資格の問題点
臨床心理士は、いまだに国家資格としての認定を受けていません。医療機関では臨床心理の現場で就職するためには臨床心理士の資格がないといけないので、国家資格とほぼ同等な公的資格といわれていますが、国家資格ではないという点がひとつの課題を臨床心理学会に課せられているのです。
通常医師の人が何らかの医療ミスなどを犯した場合には、業務の停止や医師の資格の剥奪といった処分を下すことができるようなシステムになっています。これは医者という免許が国家資格になっているためです。

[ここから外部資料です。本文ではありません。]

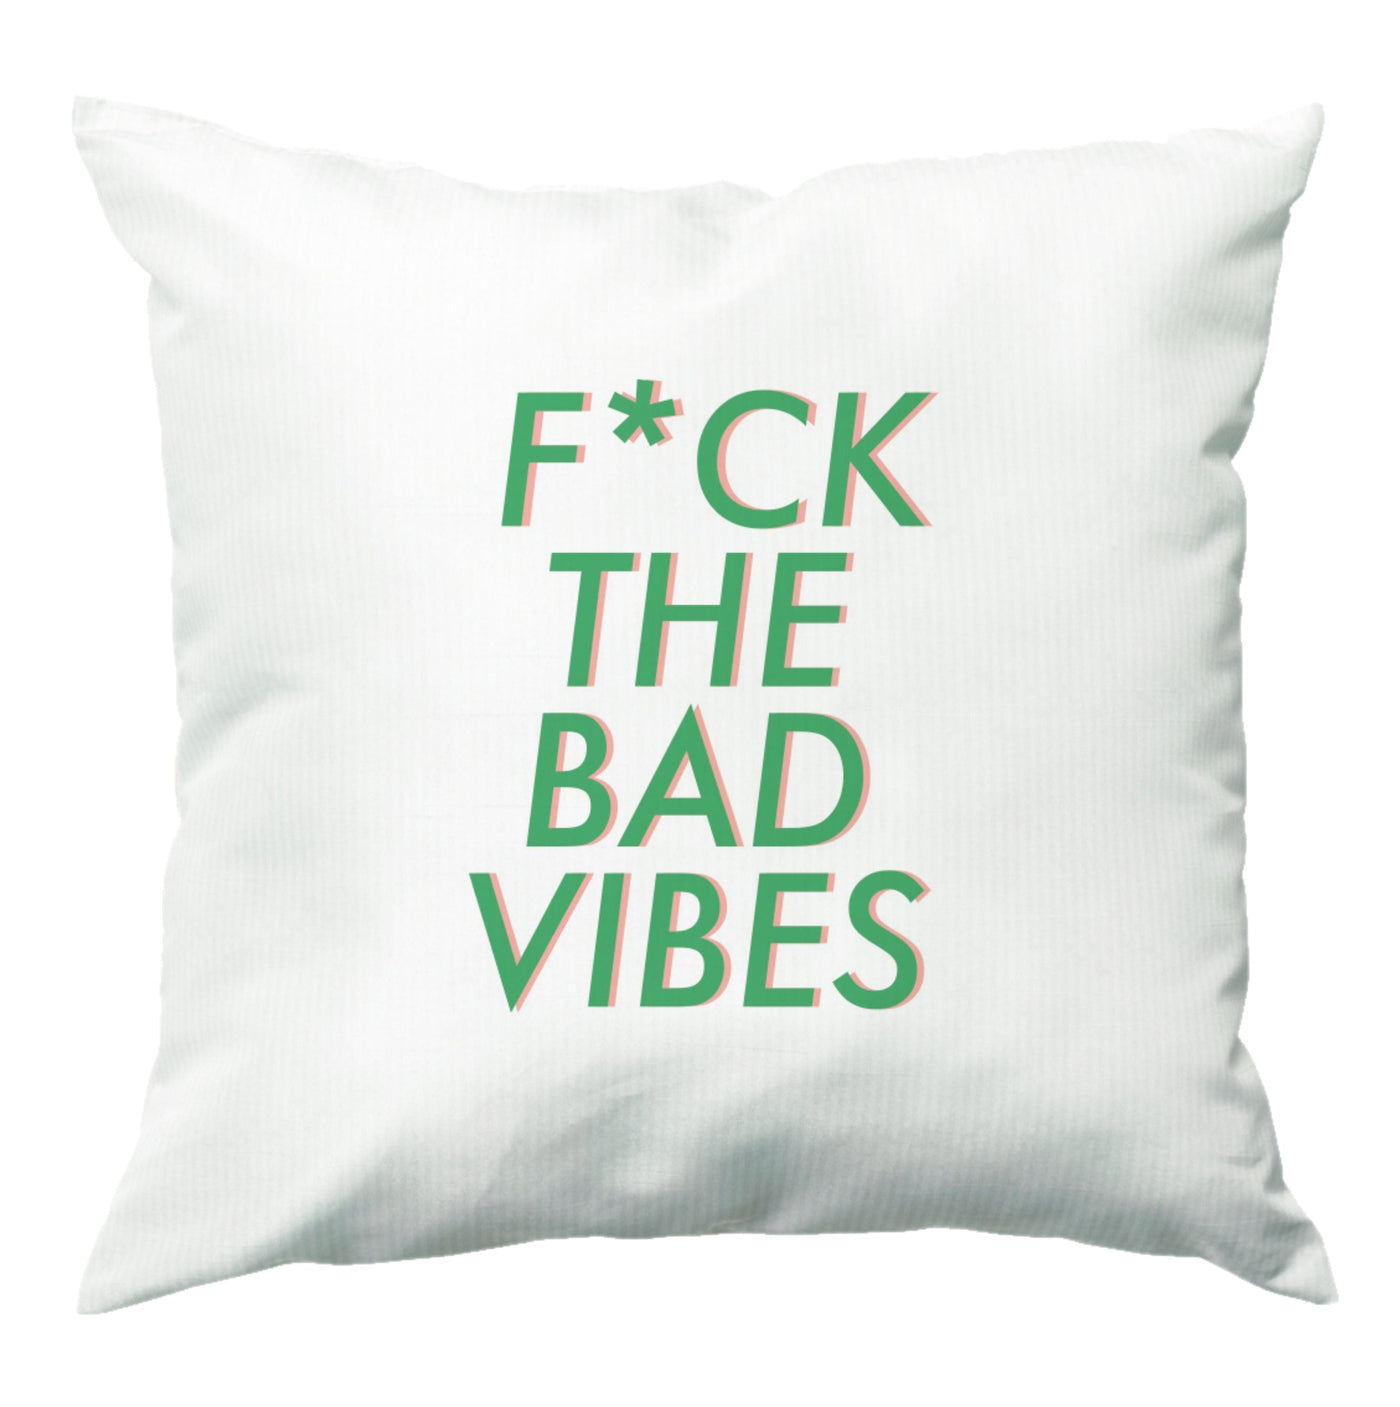 The Bad Vibes - Sassy Quotes Cushion

ところが臨床心理士は公的資格とはいえ、民間資格の一種ですから、こういった処分を下すことが出来ないという弱点があるのです。
ですから、カウンセリングなどでトラブルが生じた臨床心理士がいた場合でも業務の停止や資格の剥奪をすることができませんから、そのまま問題がある人であっても業務が継続されてしまうのです。
これはクライアントのなかでさらなる被害者を増やしてしまう結果になってしまいます。また臨床心理士業界全体にとっても大きなダメージになりかねません。
少数の問題のある臨床心理士のおかげで、全体のイメージダウンにつながっているからです。
業界でこのような悪徳の臨床心理士を止める手立てはないでしょうか?
実は日本臨床心理士会では、著しく不適切な臨床心理士資格取得者は懲戒処分を下すことしかできません。
ですから日本臨床心理士会では、臨床心理士の国家資格にしようという動きを長期的に行っているのです。